DATA PROVIDED:
+ + +
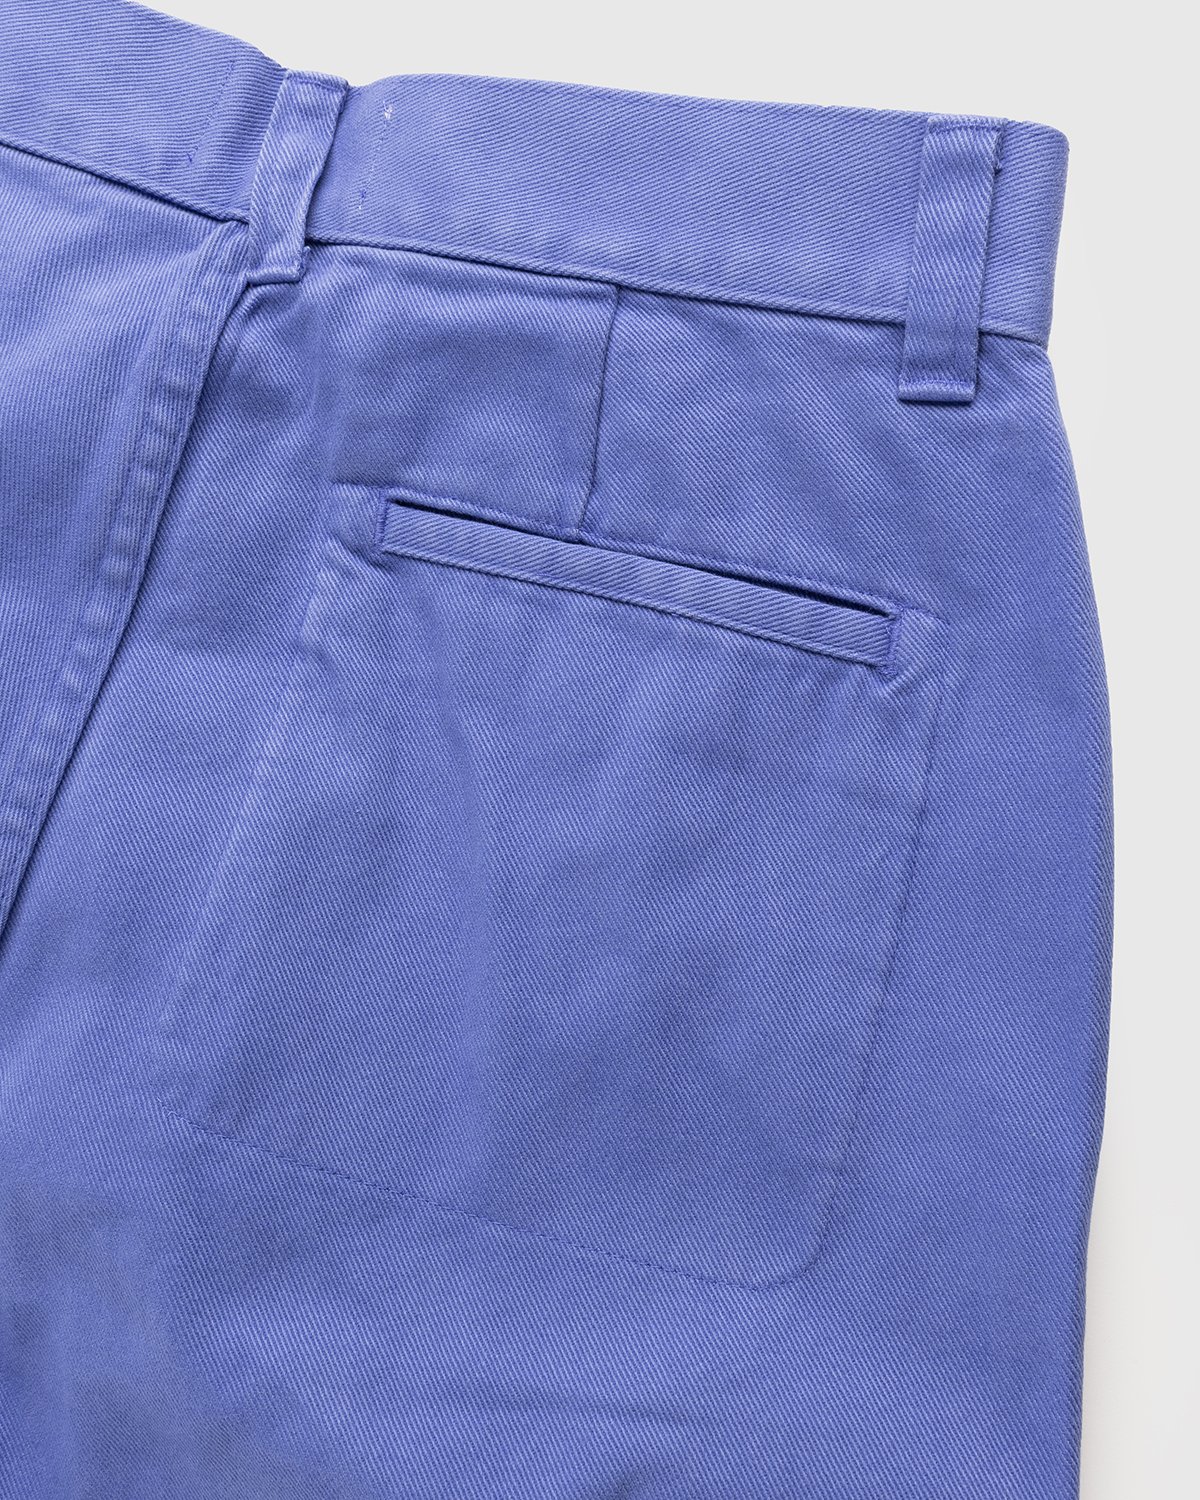 Heron Preston x Calvin Klein - Mens Straight Leg Utility Pant Amparo Blue - Clothing - Blue - Image 4
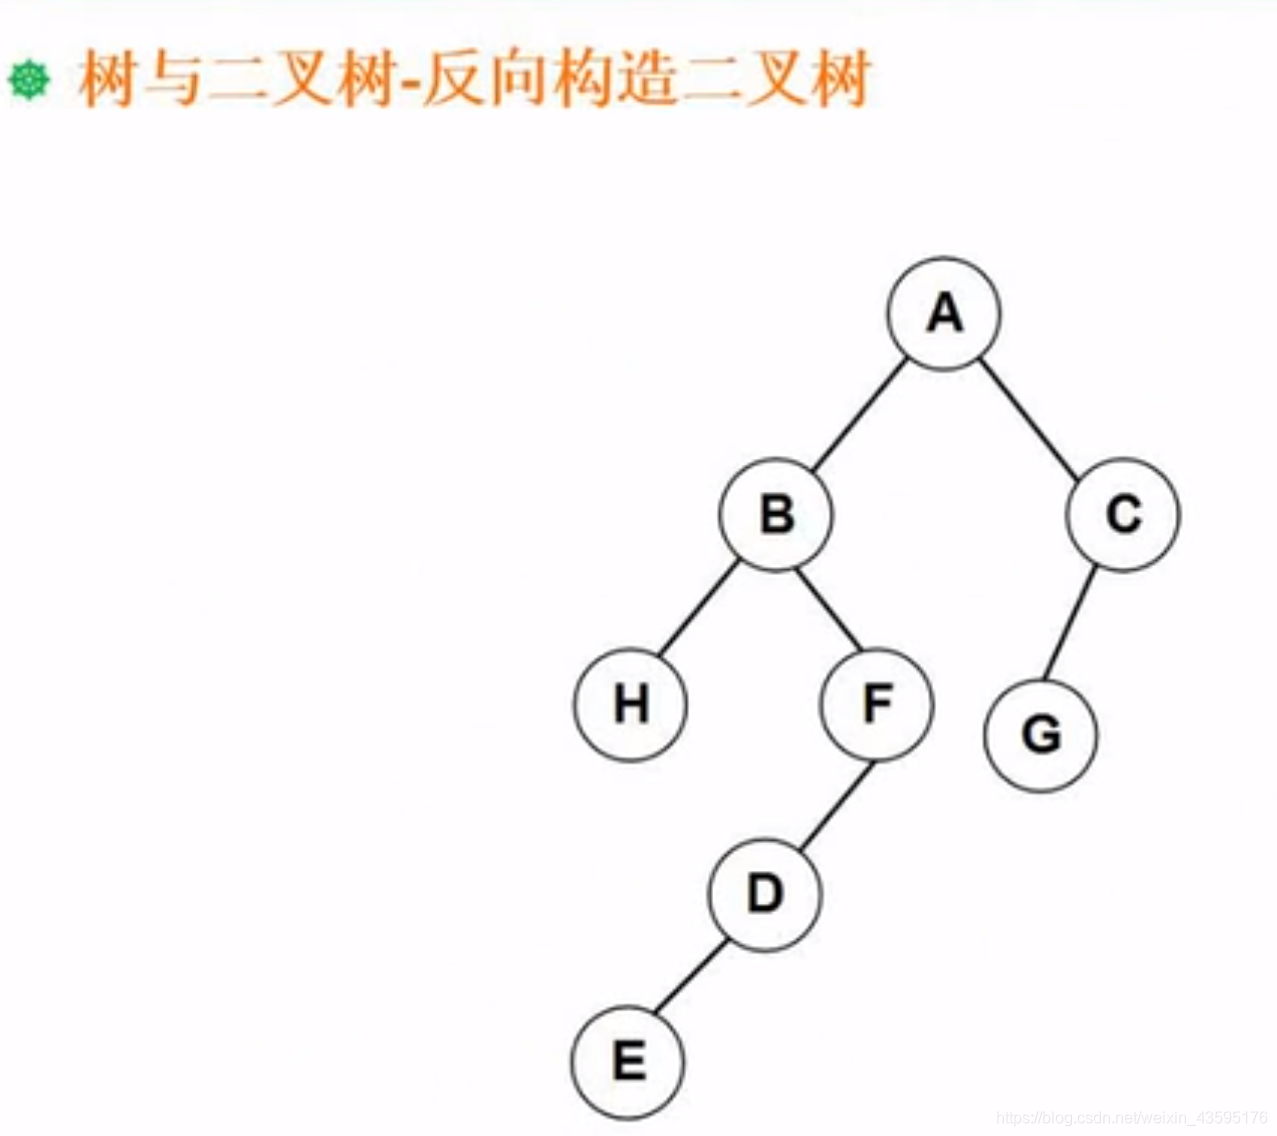 反向构造二叉树2
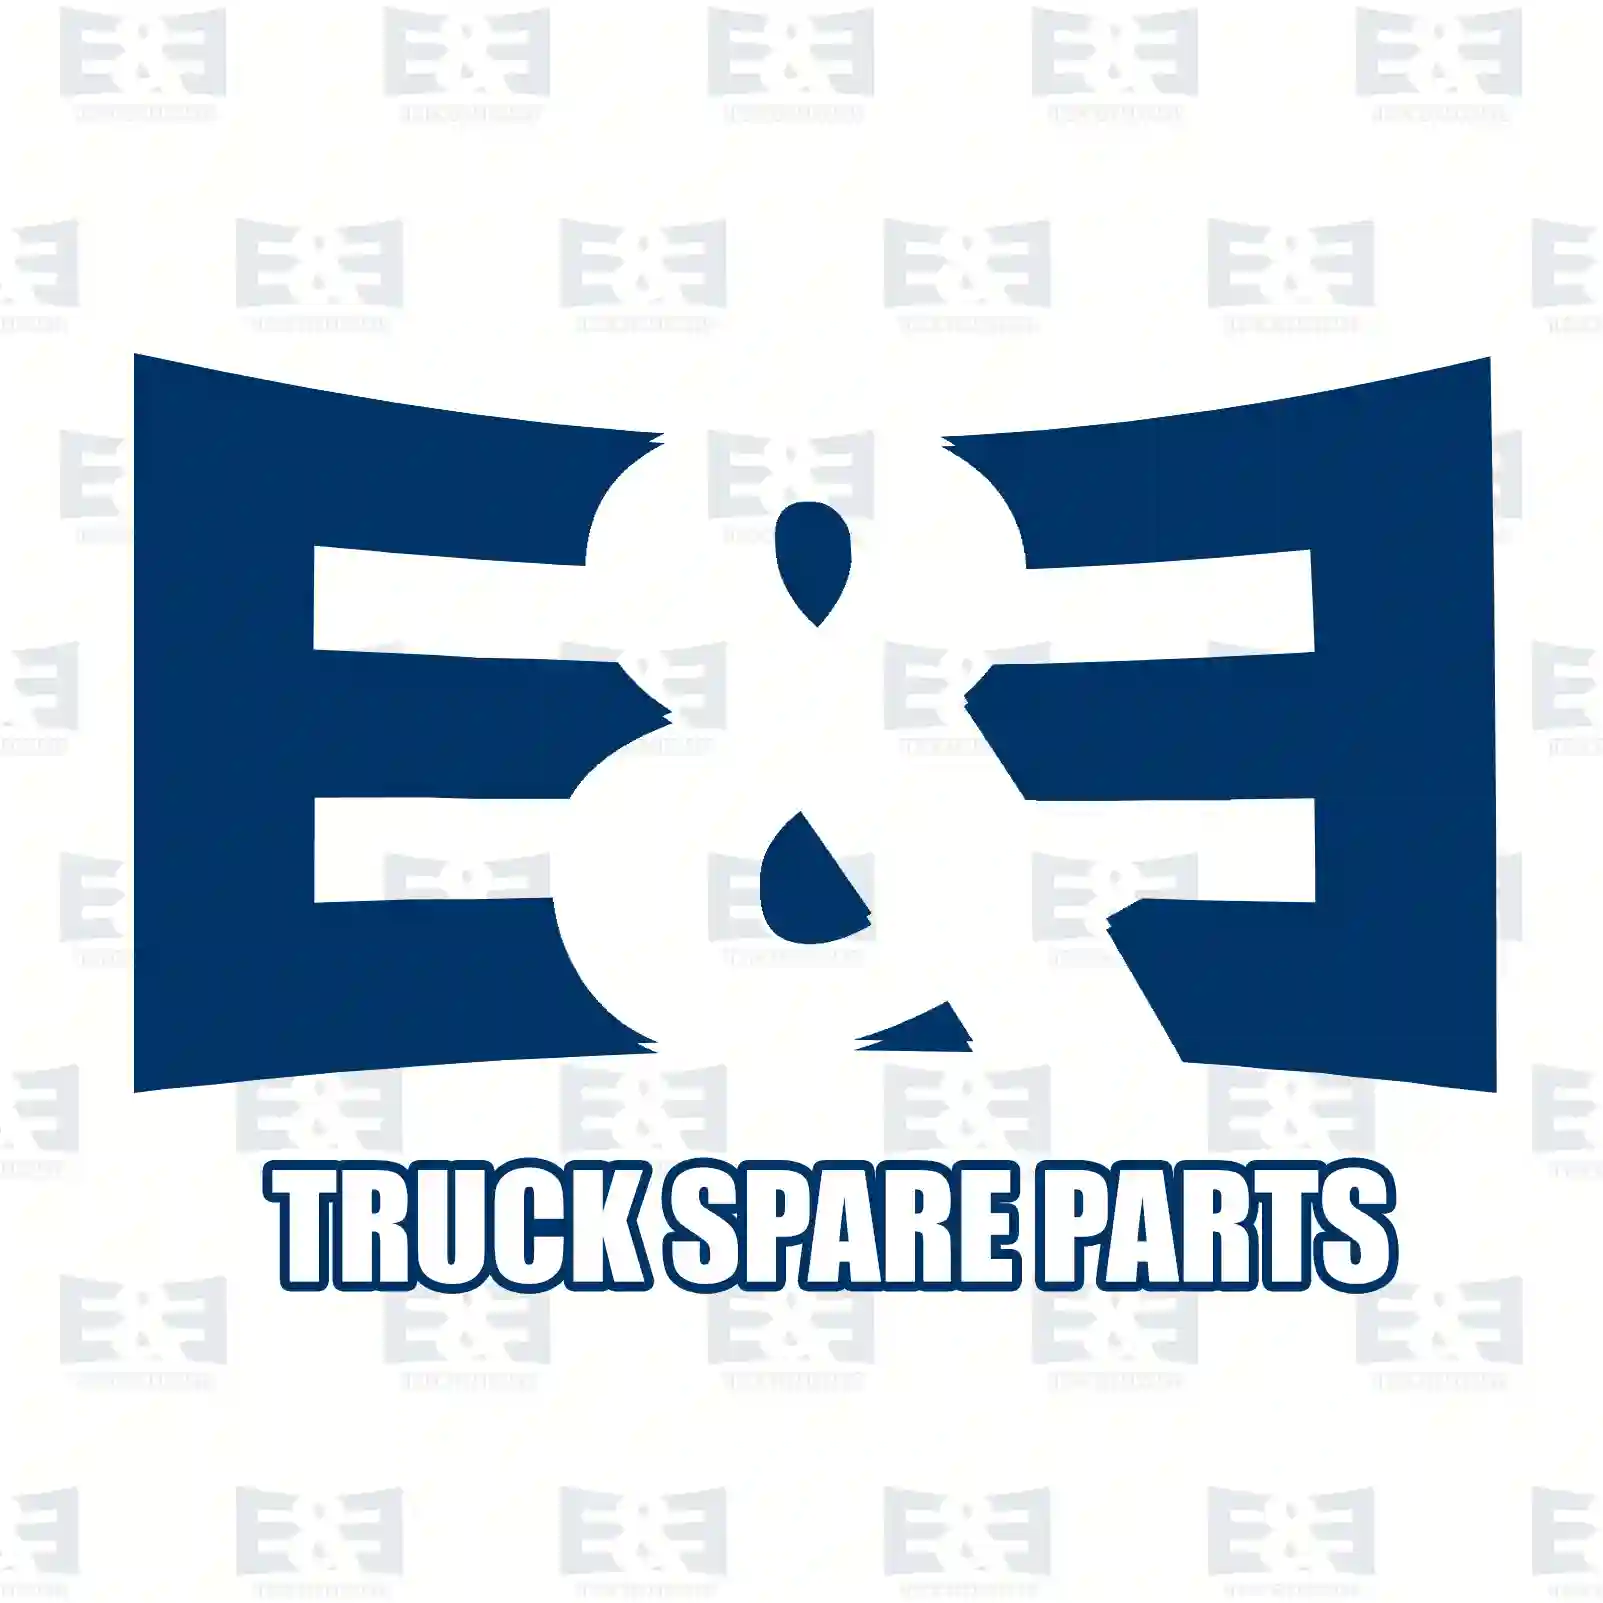 Gear shift knob, 2E2277220, 1309314, 1336636, 1369556, 1369977, 1482996, 1485718, ZG30525-0008 ||  2E2277220 E&E Truck Spare Parts | Truck Spare Parts, Auotomotive Spare Parts Gear shift knob, 2E2277220, 1309314, 1336636, 1369556, 1369977, 1482996, 1485718, ZG30525-0008 ||  2E2277220 E&E Truck Spare Parts | Truck Spare Parts, Auotomotive Spare Parts
+ + +
EXERCISE OBJECTIVE: Leave the pictures out and output the rest of the data word for word.

RESPONSE AREA:
 Heron Preston x Calvin Klein - Mens Straight Leg Utility Pant Amparo Blue - Clothing - Blue - Image 4
 反向构造二叉树2
 Gear shift knob, 2E2277220, 1309314, 1336636, 1369556, 1369977, 1482996, 1485718, ZG30525-0008 ||  2E2277220 E&E Truck Spare Parts | Truck Spare Parts, Auotomotive Spare Parts Gear shift knob, 2E2277220, 1309314, 1336636, 1369556, 1369977, 1482996, 1485718, ZG30525-0008 ||  2E2277220 E&E Truck Spare Parts | Truck Spare Parts, Auotomotive Spare Parts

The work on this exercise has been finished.